Pictures excluded, copy word for word the lines from the one holding "Small Backpack Anti" through the last line below.

> **EXERCISE DATA**:
▽

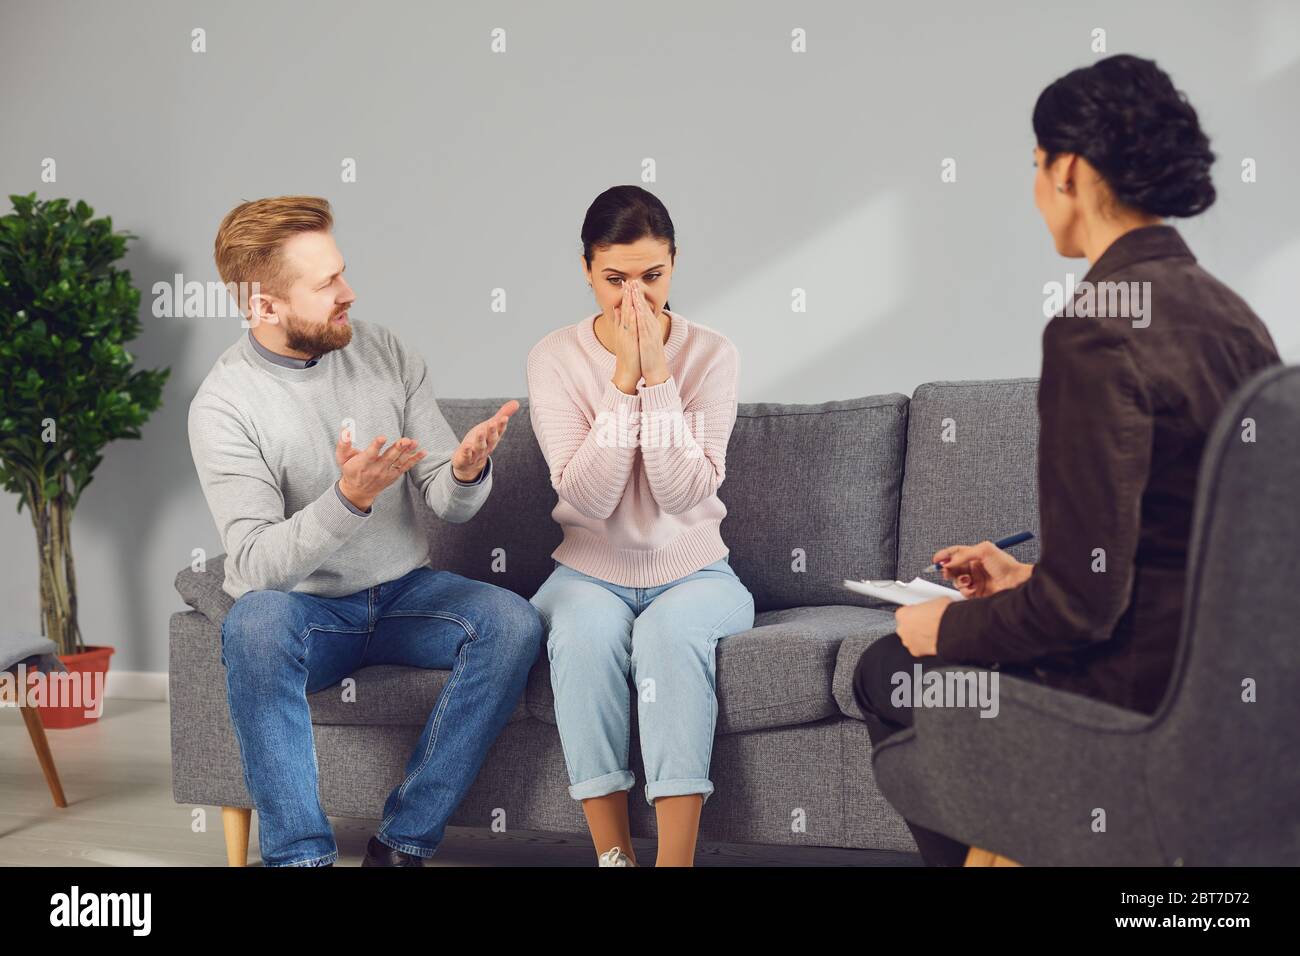 Psychologist at a psychotherapy session with a couple in the room. Man and woman visit a psychologist in an office. Stock Photo
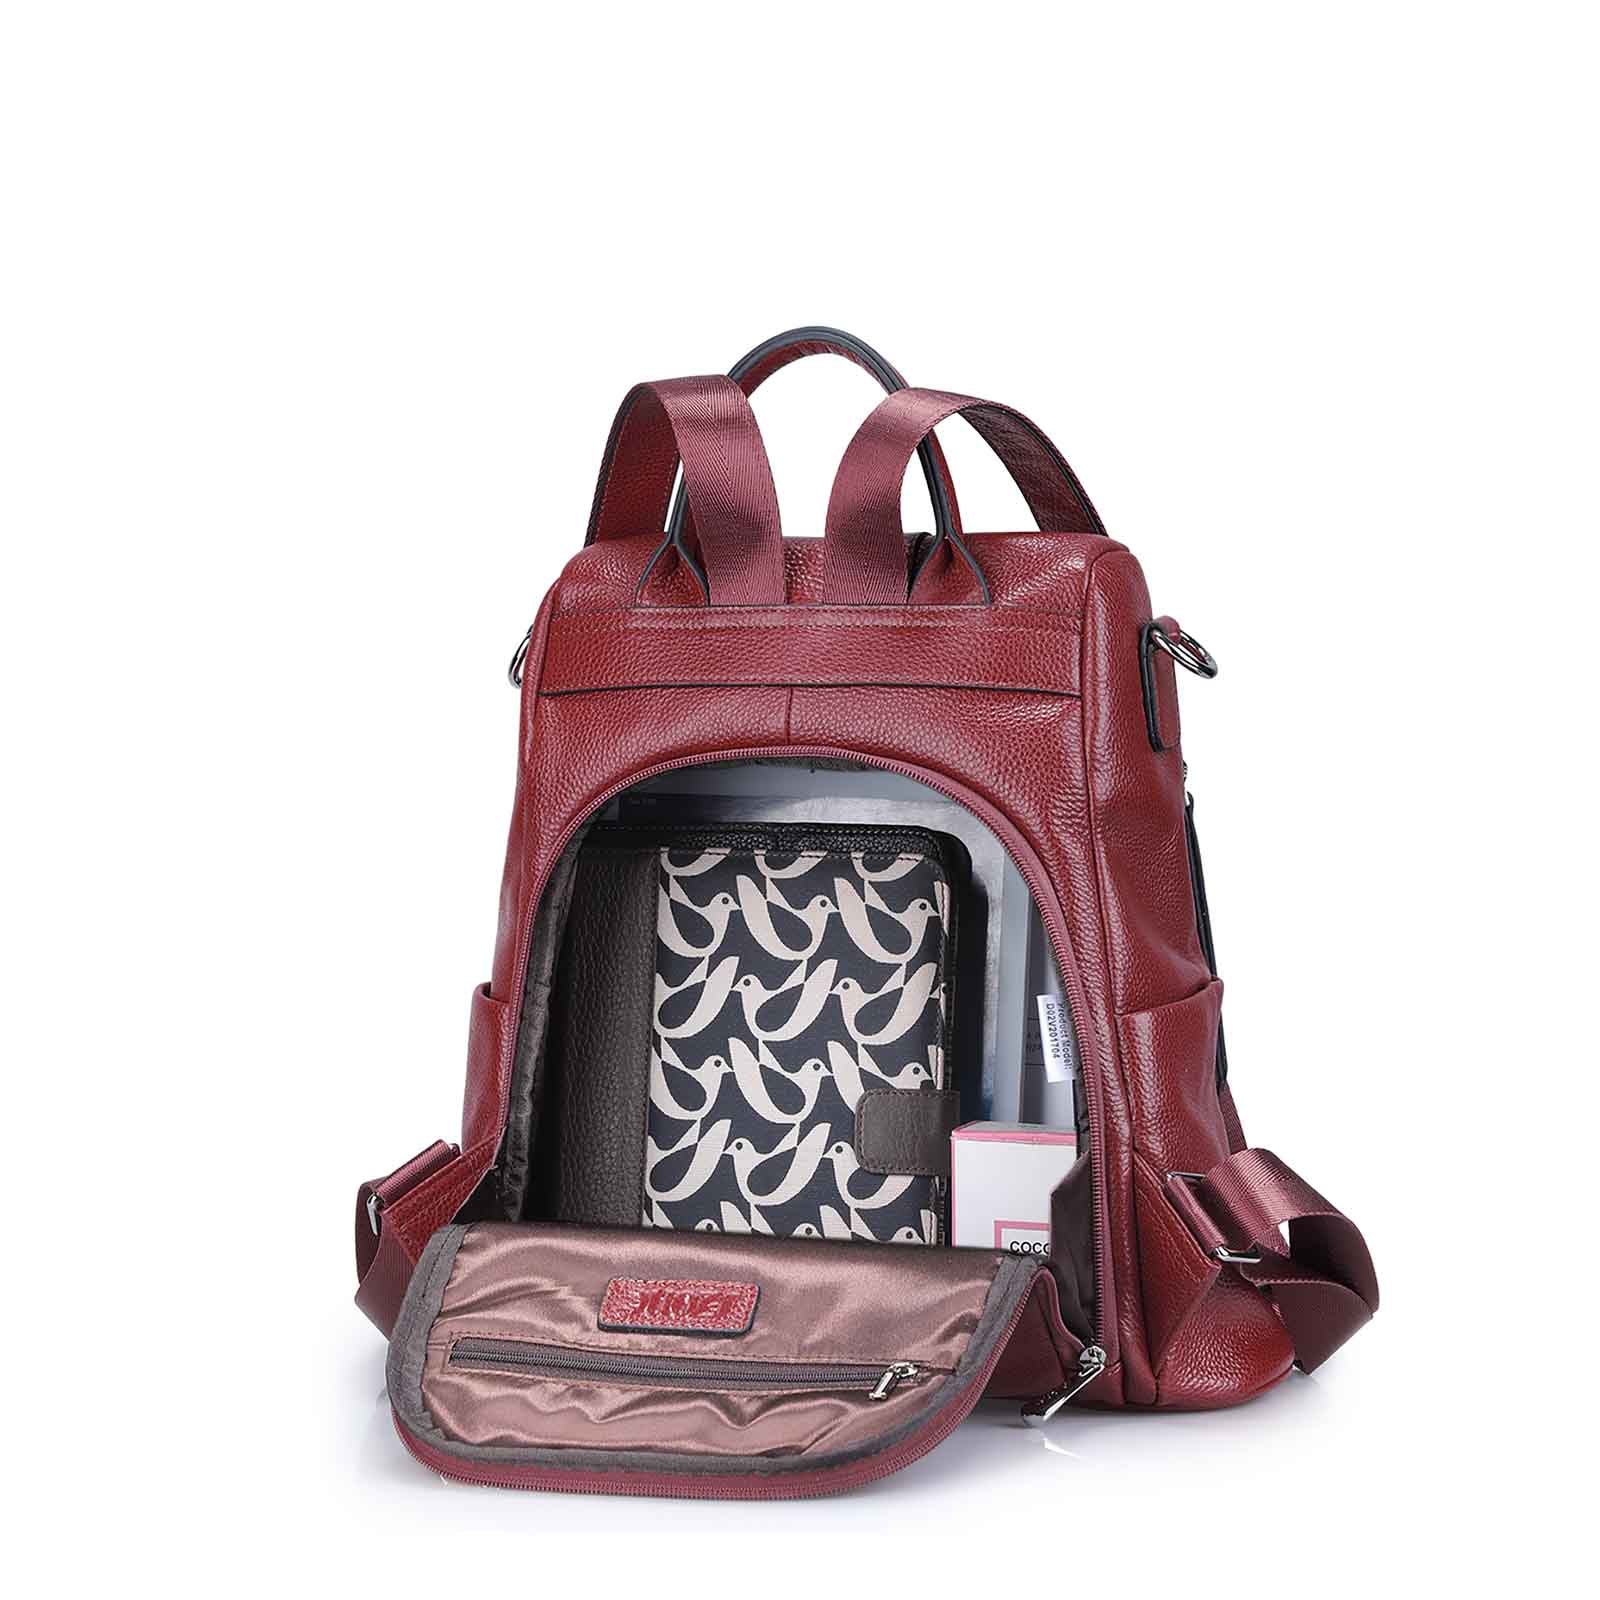 Small Backpack Anti Theft Leather, Sparkle Leather Backpack
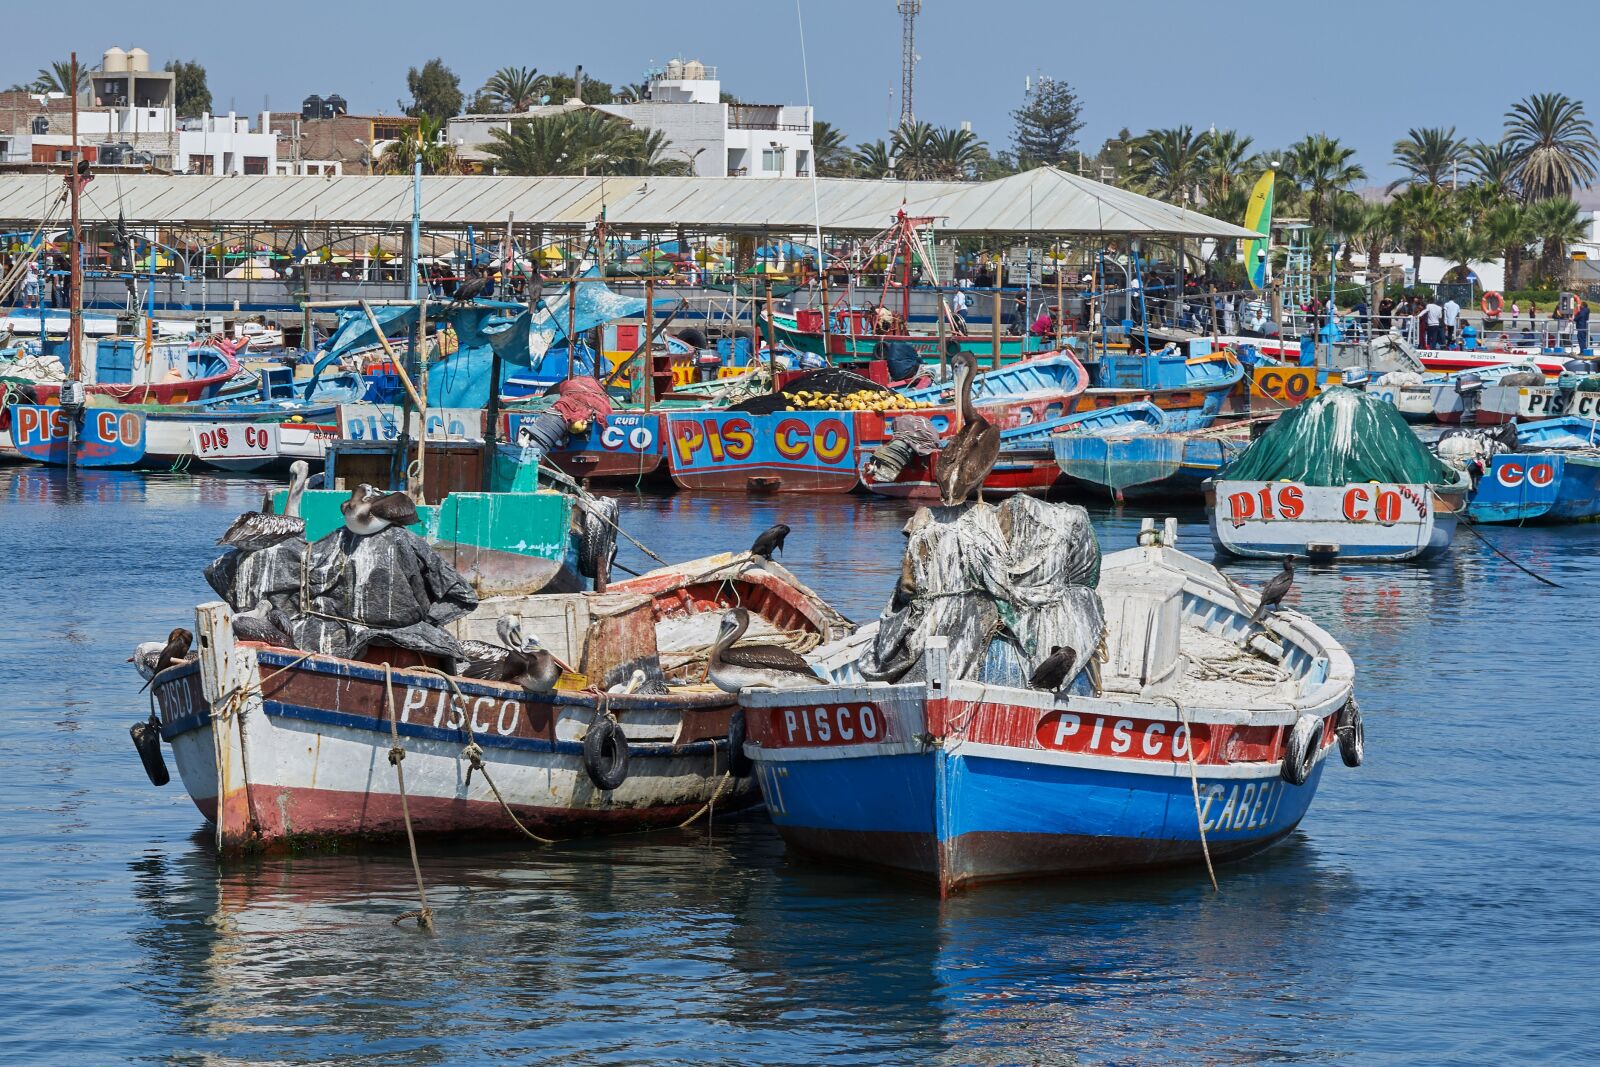 Sony a7 sample photo. Fishing boats, pisco, spring photography
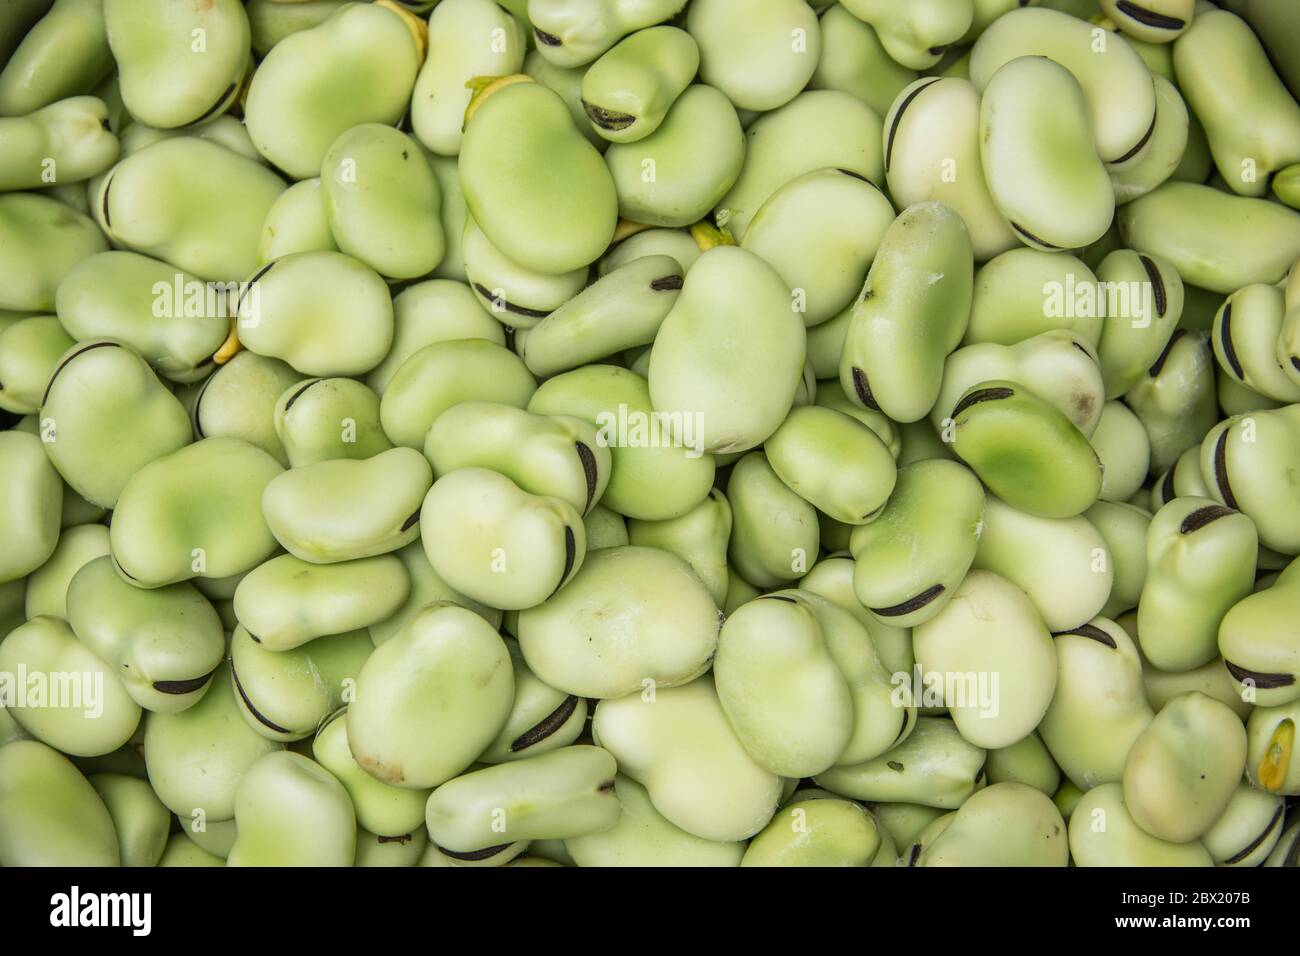 London, UK. 4 June, 2020. An Allotment crop of broad beans after shelling from their pods. David Rowe/Alamy Stock image. Stock Photo

△

> **SOLUTION TO THE EXERCISE**:
 Small Backpack Anti Theft Leather, Sparkle Leather Backpack
 Sony a7 sample photo. Fishing boats, pisco, spring photography
 London, UK. 4 June, 2020. An Allotment crop of broad beans after shelling from their pods. David Rowe/Alamy Stock image. Stock Photo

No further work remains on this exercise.